The Chaplain leant back in his chair and looked at them over his glasses. “In the old days hardly a week went by without some poor fellow taking the easy way out. When I first came here as Chaplain I used to spend half my time attending inquests. Come to think of it, there was a time when we were known as the Slaughterhouse.”

“Things have changed for the better since then,” said the Bursar.

“Nonsense,” said the Chaplain. “The fall in the number of suicides is the clearest indication of the decline of morality. Undergraduates don’t seem to be as conscience-stricken as they were in my young days.”

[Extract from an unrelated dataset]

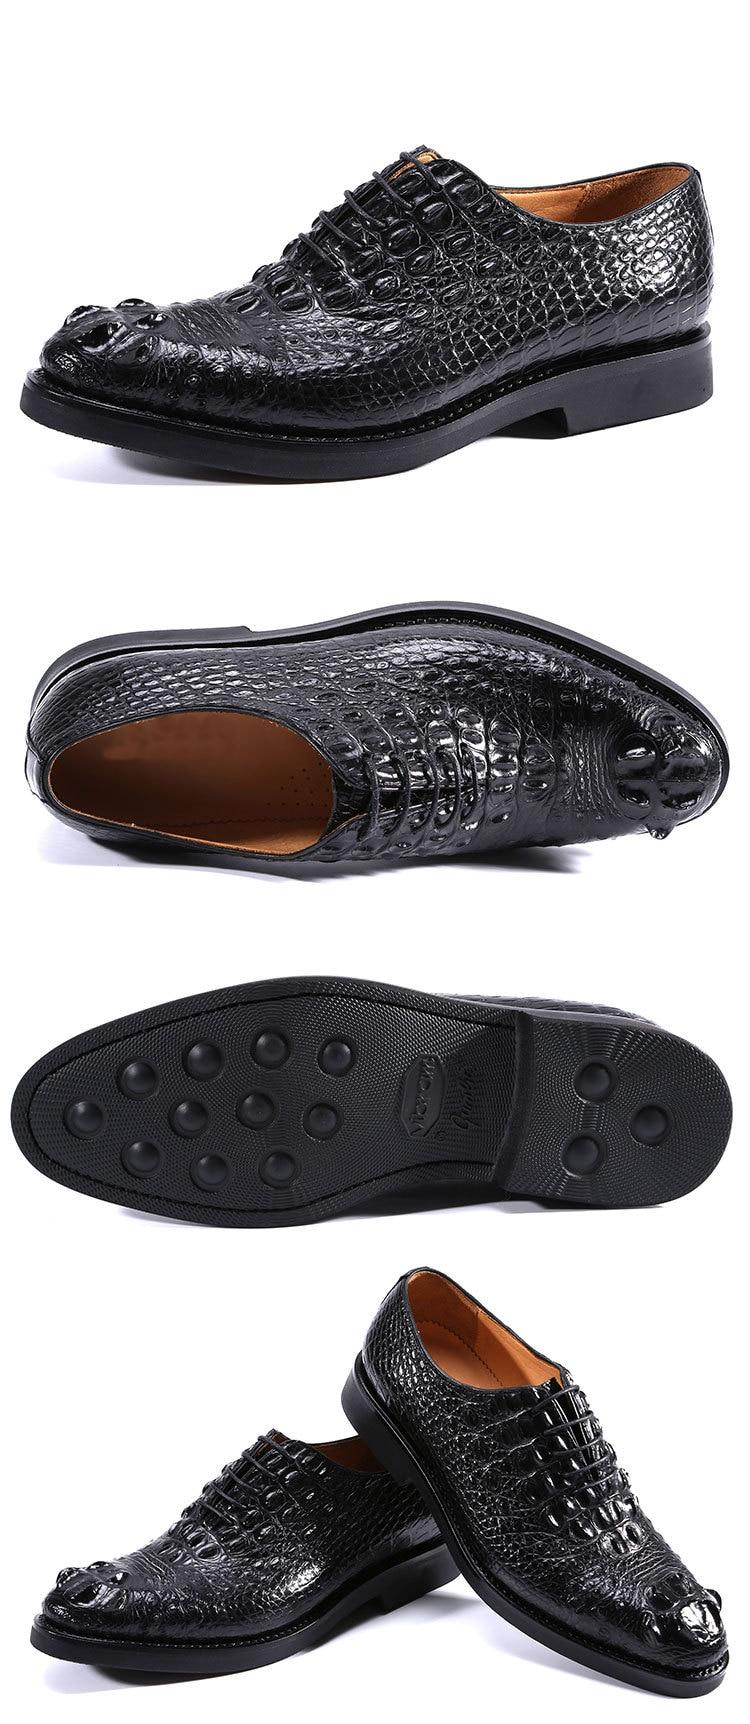 Jineyu sapatos masculinos sapatos de crocodilo sem

“You don’t think it has to do with the introduction of natural gas?” asked the Senior Tutor.

“Natural gas? No such thing,” said the Dean. “I agree with the Chaplain. Things have gone to pot.”

“Pot,” shouted the Chaplain. “Did I hear somebody say pot?”

“I was merely saying…” began the Dean.

“At least nobody has suggested that young Zipser was on drugs,” interrupted the Bursar. “The police made a very thorough investigation, you know, and they found nothing.”

The Dean raised his eyebrows. “Nothing?” he asked. “To the best of my knowledge they took away an entire sackful of… er… contraceptives.”

“I was talking of drugs, Dean. There was the question of motive, you understand. The police seemed to think Zipser was in the grip of an irrational impulse.”

“From what I heard he was in the grip of Mrs Biggs,” said the Senior Tutor. “I suppose you can call Mrs Biggs an irrational impulse. Certainly a very tasteless one. And as for the other things, I must admit I find a predilection for gas-filled contraceptives quite unaccountable.”

“According to the police, there were two hundred and fifty,” said the Bursar.

“No accounting for tastes,” said the Dean, “though for my part I prefer… to regard the whole deplorable affair as being politically motivated. This fellow Zipser was clearly an anarchist. He had a lot of left-wing literature in his rooms.”

“I understood him to be doing research into pumpernickel,” said the Bursar. “Its origins in sixteenth-century Germany.”

“He also belonged to a number of subversive societies,” the Dean continued.

“I’d hardly call the United Nations Association subversive, Dean,” the Bursar protested.

“I would,” said the Dean. “All political societies are subversive. Must be. Stands to reason. Wouldn’t exist if they weren’t trying to subvert something or other.”

“Certainly a most extraordinary way of going about things,” said the Bursar. “And it still doesn’t explain the presence of Mrs Biggs.”

“I’m inclined to agree with the Dean,” said the Senior Tutor. “Anyone who could go to bed with Mrs Biggs must have been either demented or motivated by a grossly distorted sense of social duty and to have launched two hundred and fifty lethal contraceptives on an unsuspecting world argues a fanaticism…”

“On the other hand,” said the Bursar, “he had been to see you about his… er… compulsion for the good woman. You mentioned it at the time.”

“Yes, well, perhaps he did,” the Senior Tutor admitted, “though I’d question your use of good as far as Mrs Biggs was concerned. In any case, I sent him on to the Chaplain.”

They looked at the Chaplain questioningly. “Mrs Biggs good?” shouted the Chaplain. “I should say so. Splendid woman.”

“We were wondering if Zipser gave you any hint as to his motives,” the Bursar explained.